Leaving the pictures aside, transcribe only and exactly the lines from the one with "画像1: Mサイズ*犬の散歩 【" through the end of the entries, both included.

■ **Dataset entries**:
————————

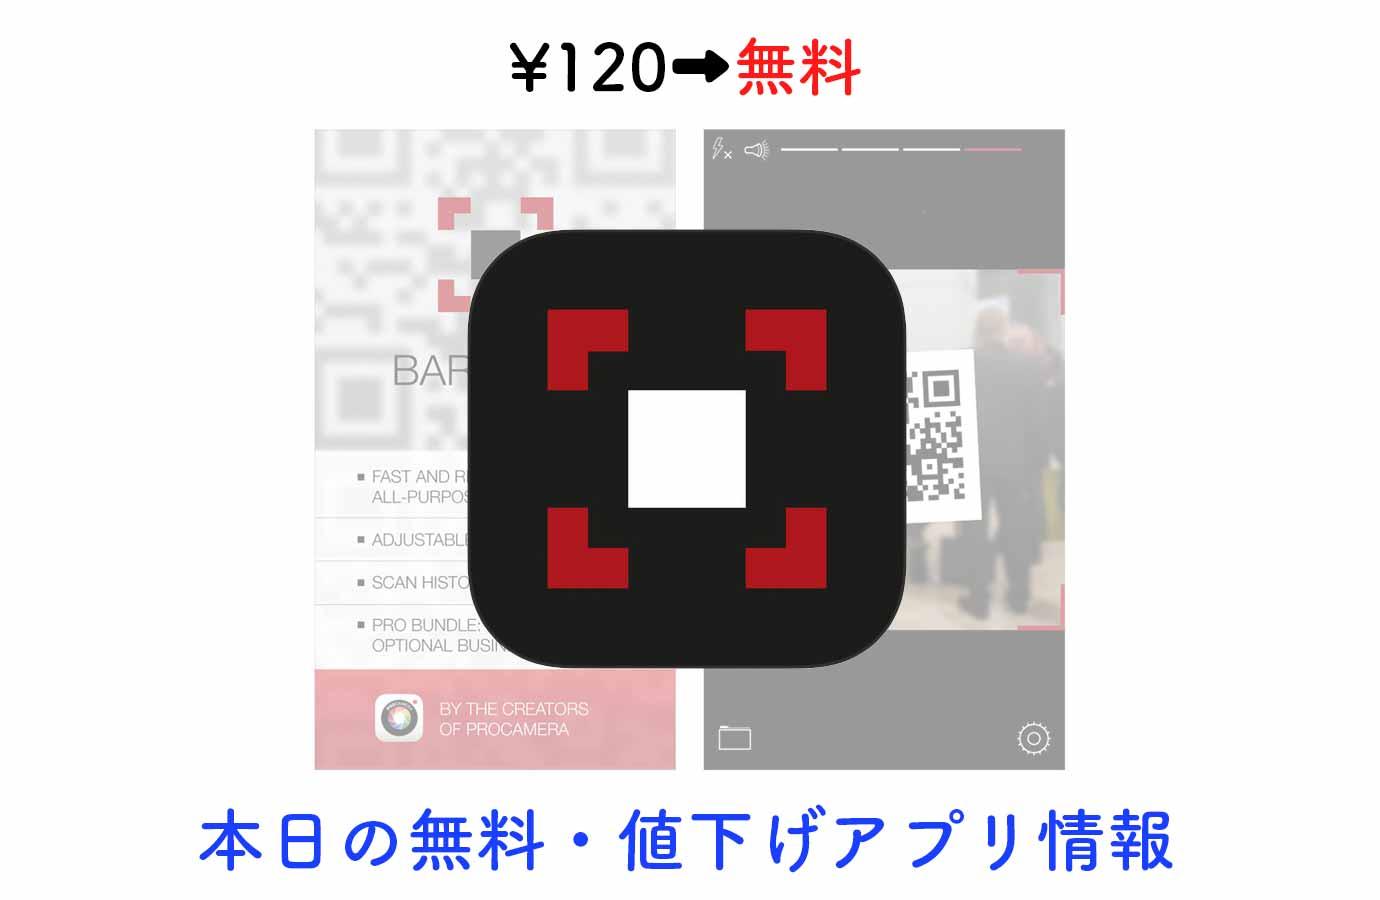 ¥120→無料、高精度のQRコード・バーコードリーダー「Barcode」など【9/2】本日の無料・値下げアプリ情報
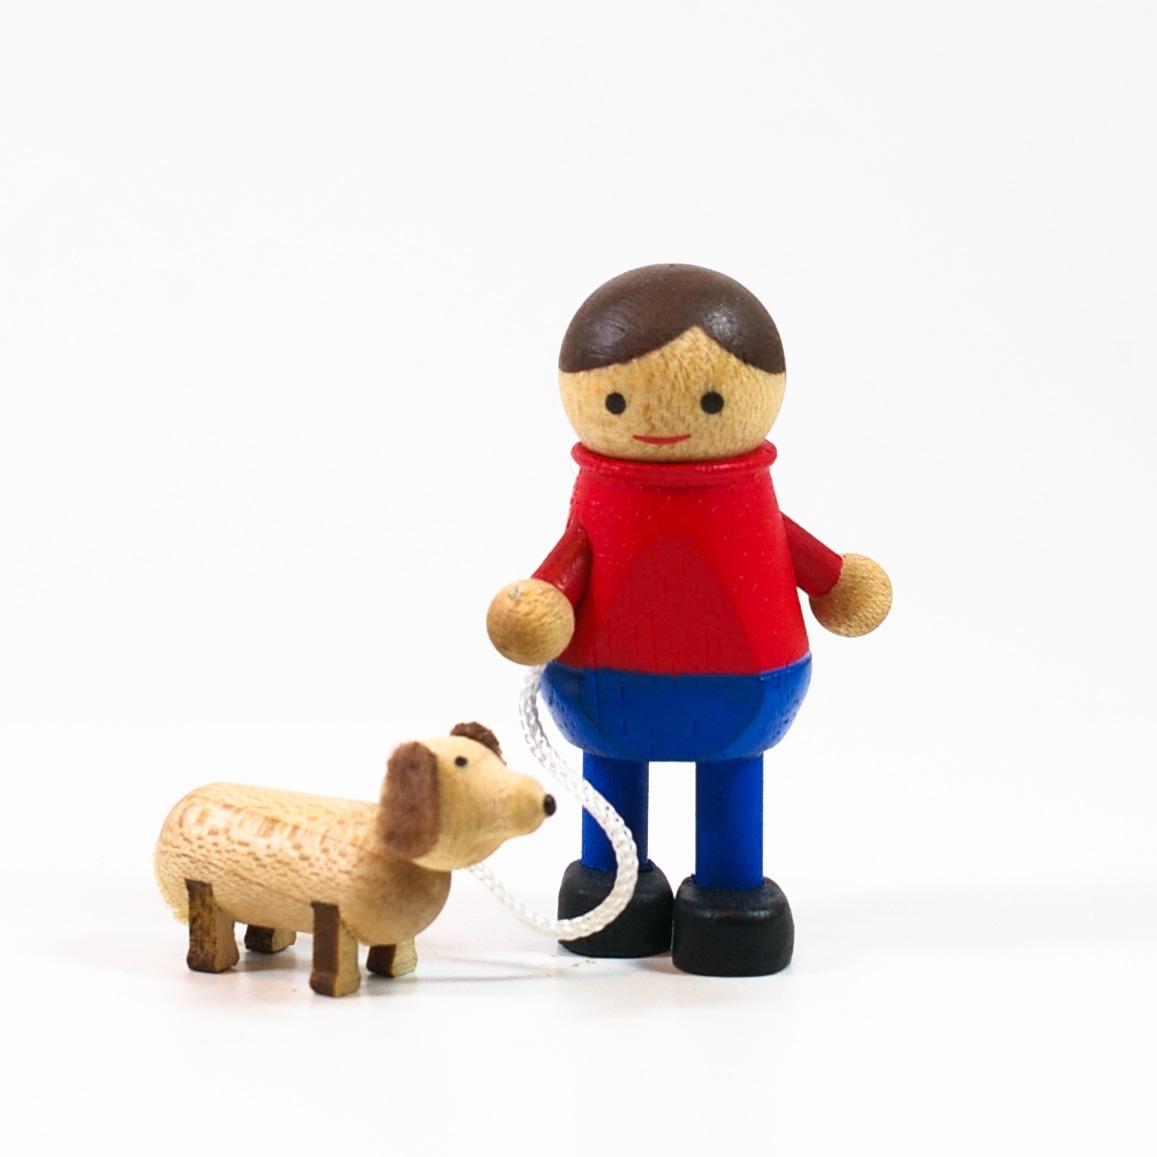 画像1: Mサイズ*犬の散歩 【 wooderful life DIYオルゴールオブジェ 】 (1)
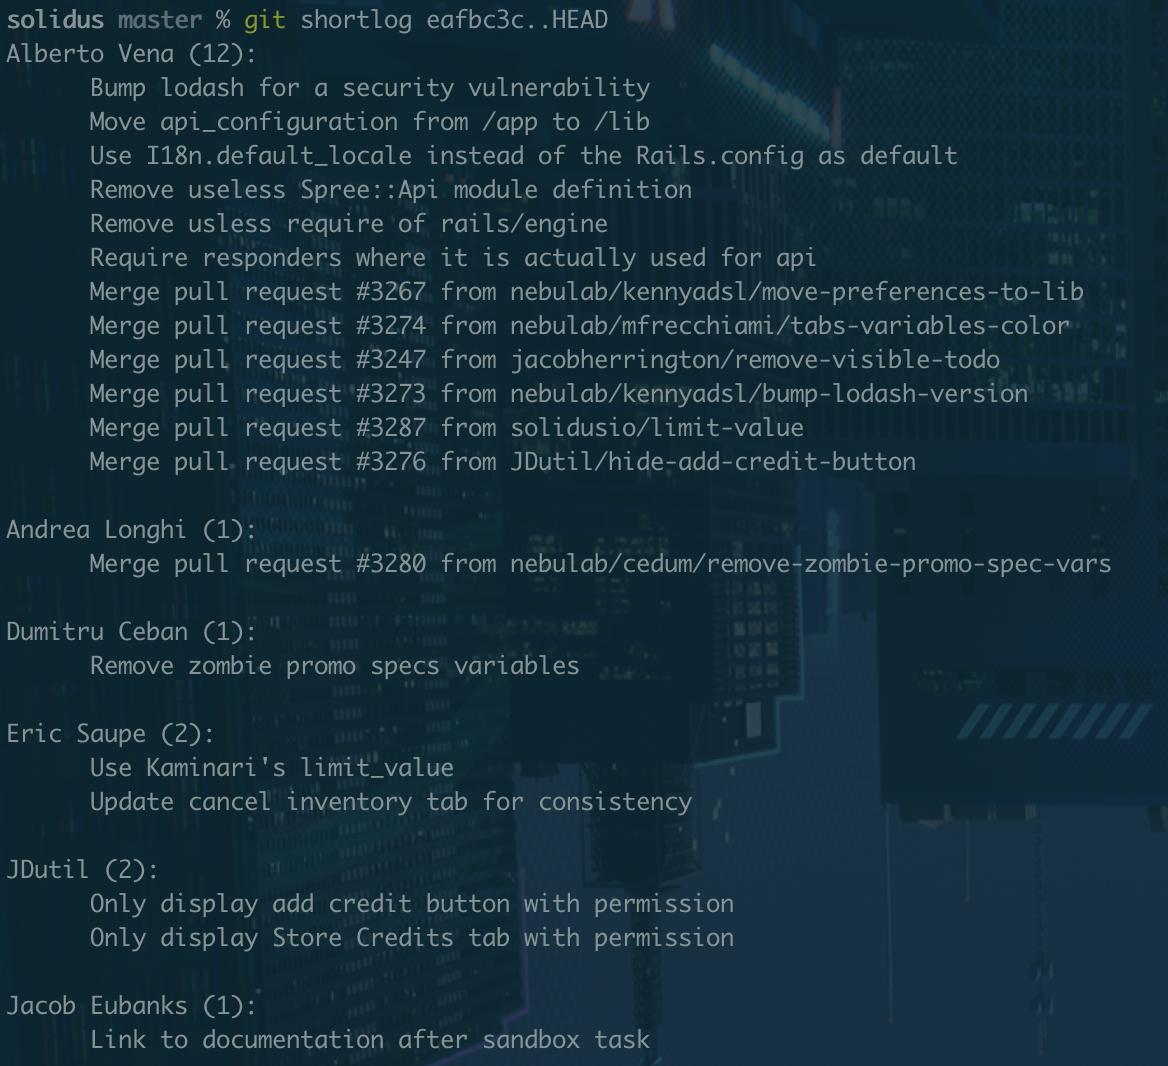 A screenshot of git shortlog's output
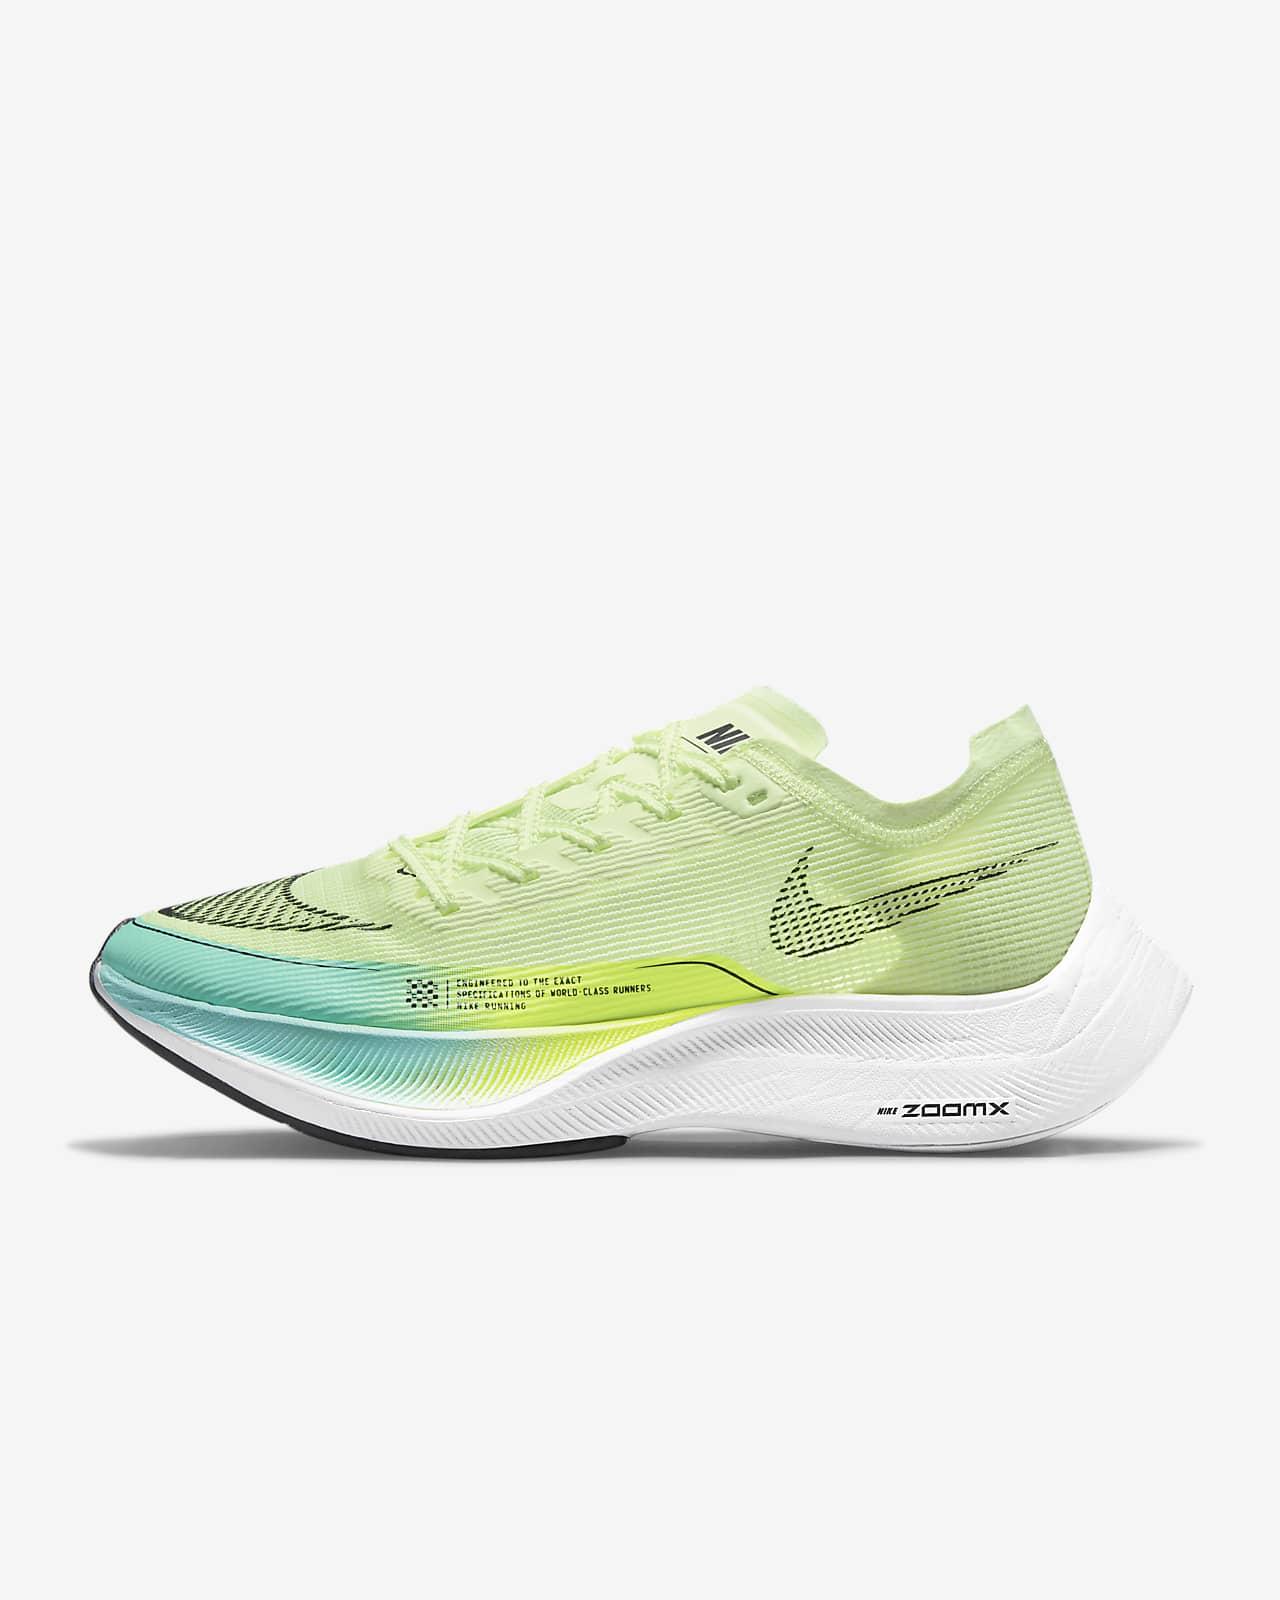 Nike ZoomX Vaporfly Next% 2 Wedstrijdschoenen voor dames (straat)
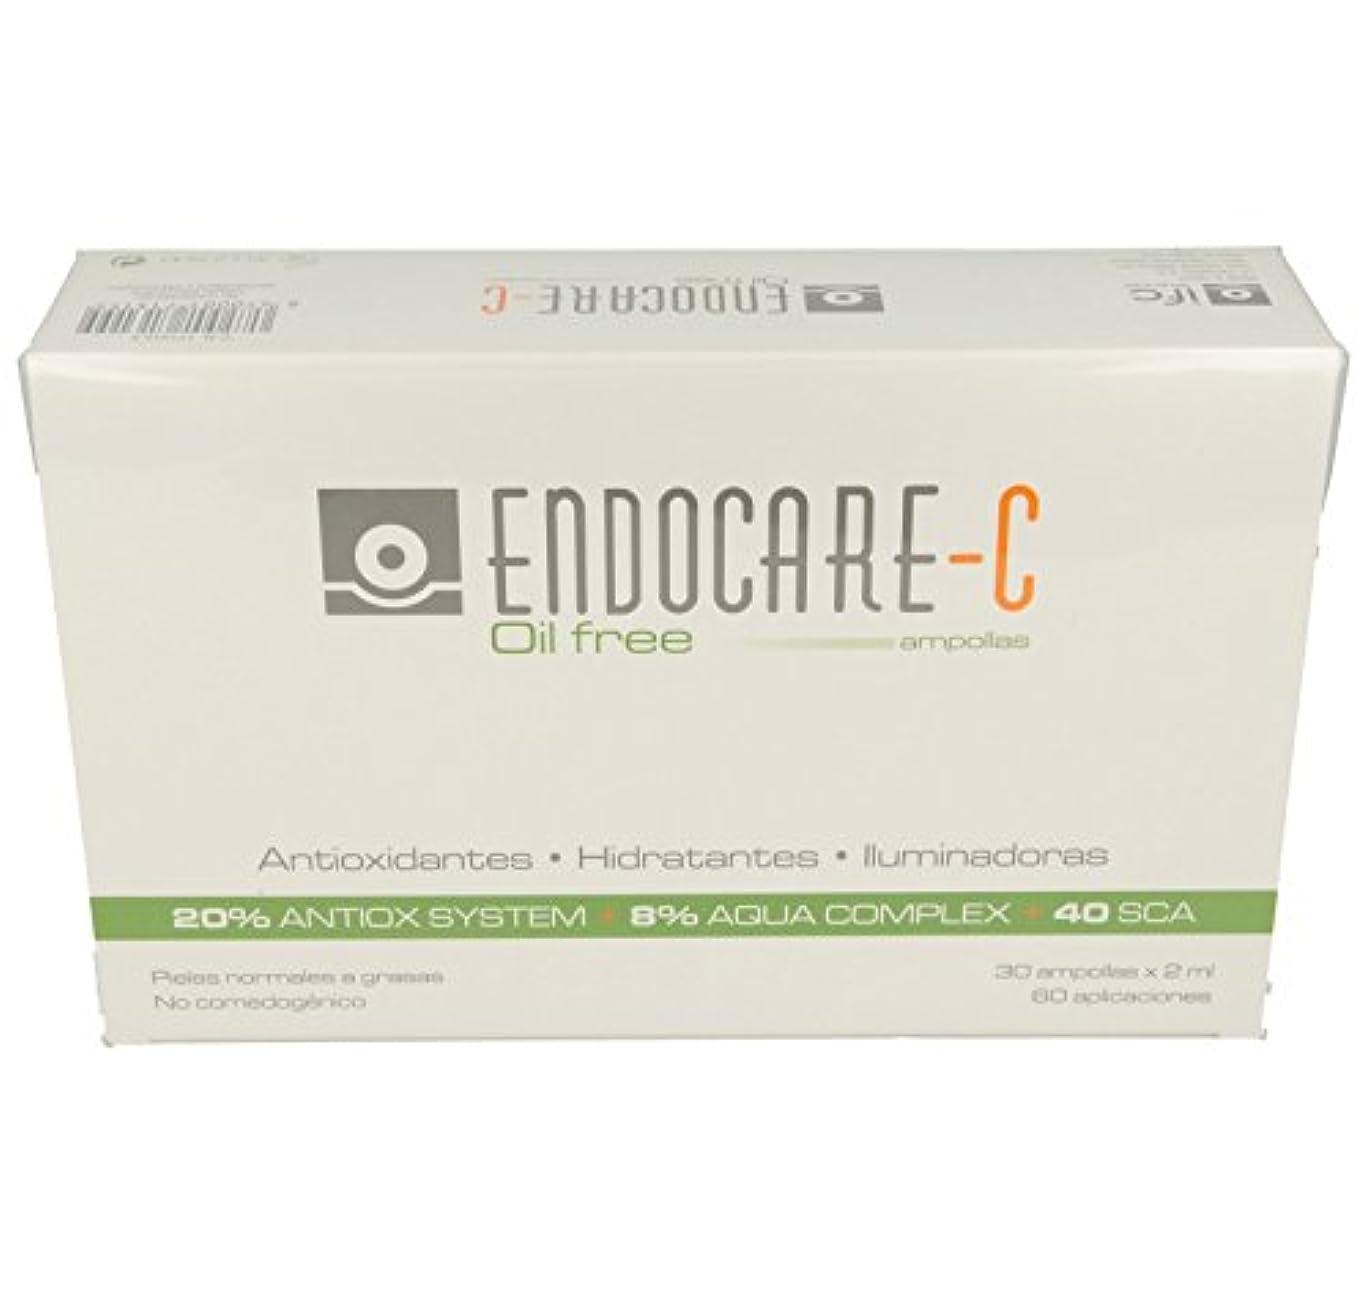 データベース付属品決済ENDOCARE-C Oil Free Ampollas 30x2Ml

————————

■ **Written solution**:
 画像1: Mサイズ*犬の散歩 【 wooderful life DIYオルゴールオブジェ 】 (1)
 A screenshot of git shortlog's output
 Nike ZoomX Vaporfly Next% 2 Wedstrijdschoenen voor dames (straat)
 データベース付属品決済ENDOCARE-C Oil Free Ampollas 30x2Ml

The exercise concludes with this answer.